Compensation Discussion and Analysis

The following discussion and analysis of compensation arrangements of our named executive officers for 2009 should be read together with the compensation tables and related disclosures set forth below. This discussion contains forward-looking statements that are based on our current plans, considerations and expectations regarding future compensation programs. Compensation policies that we adopt in the future may differ materially from policies summarized in this discussion.

The following individuals were our “named executive officers” for 2009:

 

   

Andrew J. Paul, Chief Executive Officer, or CEO, and President;

 

   

Nicholas B. Hawkins, Chief Financial Officer, or CFO, and Treasurer;

 

   

José R. Flahaux, Senior Vice President, Operations; and

 

   

Paul D. McGuire, Vice President, Worldwide Sales.

Overview of Compensation Objectives

We recognize that our success is in large part dependent on our ability to attract and retain talented employees. We endeavor to create and maintain compensation programs based on performance, teamwork and rapid progress and to align the interests of our executive officers and stockholders. As such, we have designed our executive compensation program to achieve the following objectives:

 

   

attract and retain highly-talented, experienced executives in our industry;

 

   

motivate and reward executives whose knowledge, skills and performance contribute to our success;

 

   

align compensation with our business and financial objectives and the long-term interests of our stockholders; and

 

   

offer total compensation that is competitive and fair.

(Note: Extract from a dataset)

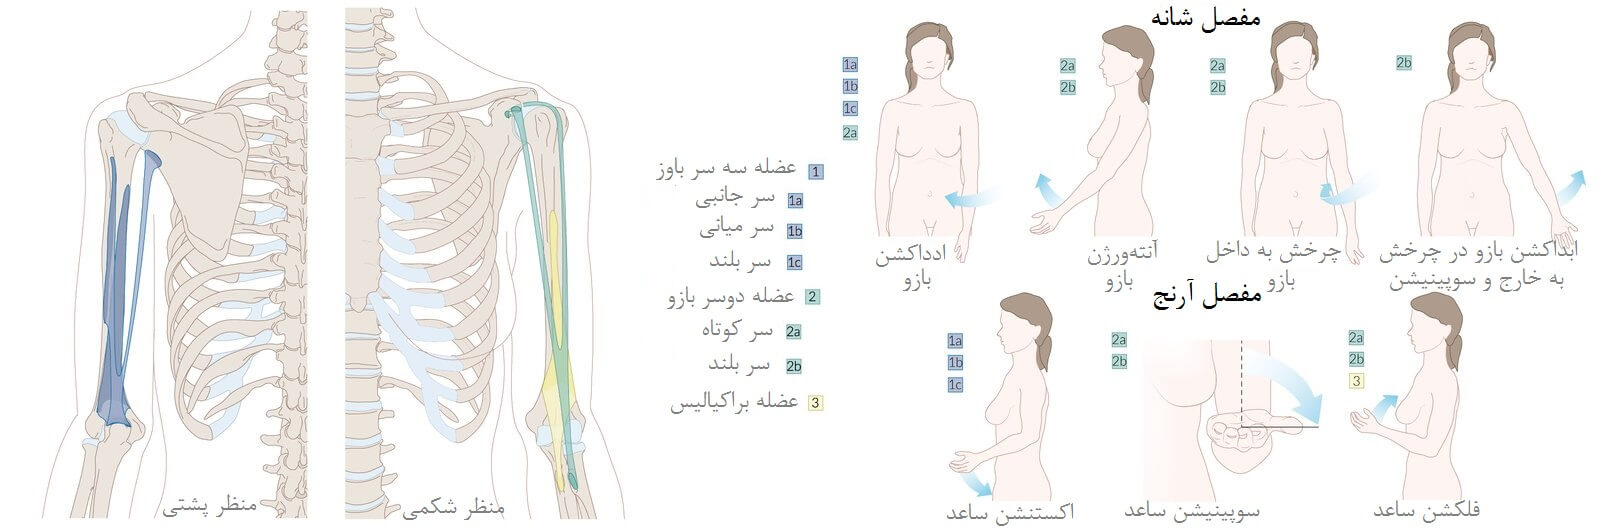 سیستم اسکلتی-عضلانی بازو

To meet these objectives, the principal components of executive compensation in 2009 consisted of base salary, annual cash incentive awards and equity incentive awards. Each of the components has a role in meeting the objectives above. The mix of compensation components is designed to reward and provide incentives for both short-term and long-term performance. We intend to continue to set our compensation policies with the goal of achieving the same compensation objectives identified above with the same overall components of compensation.

Compensation Setting Process

Historically, the compensation of our executive officers was largely determined on an individual basis and was principally based on paying them a total compensation package that was competitive with what they received at their prior company or, with respect to our CEO, competitive with the compensation committee’s understanding of a competitive total compensation package for a CEO of a company of our size. Our CEO, or, with respect to our CEO, our compensation committee, reviews the performance of each executive officer on an annual basis, and, based on this review and our CEO and compensation committee’s understanding of current market conditions, sets the executive compensation package for the executive officers for the coming year. This review has generally occurred at the beginning of the calendar year.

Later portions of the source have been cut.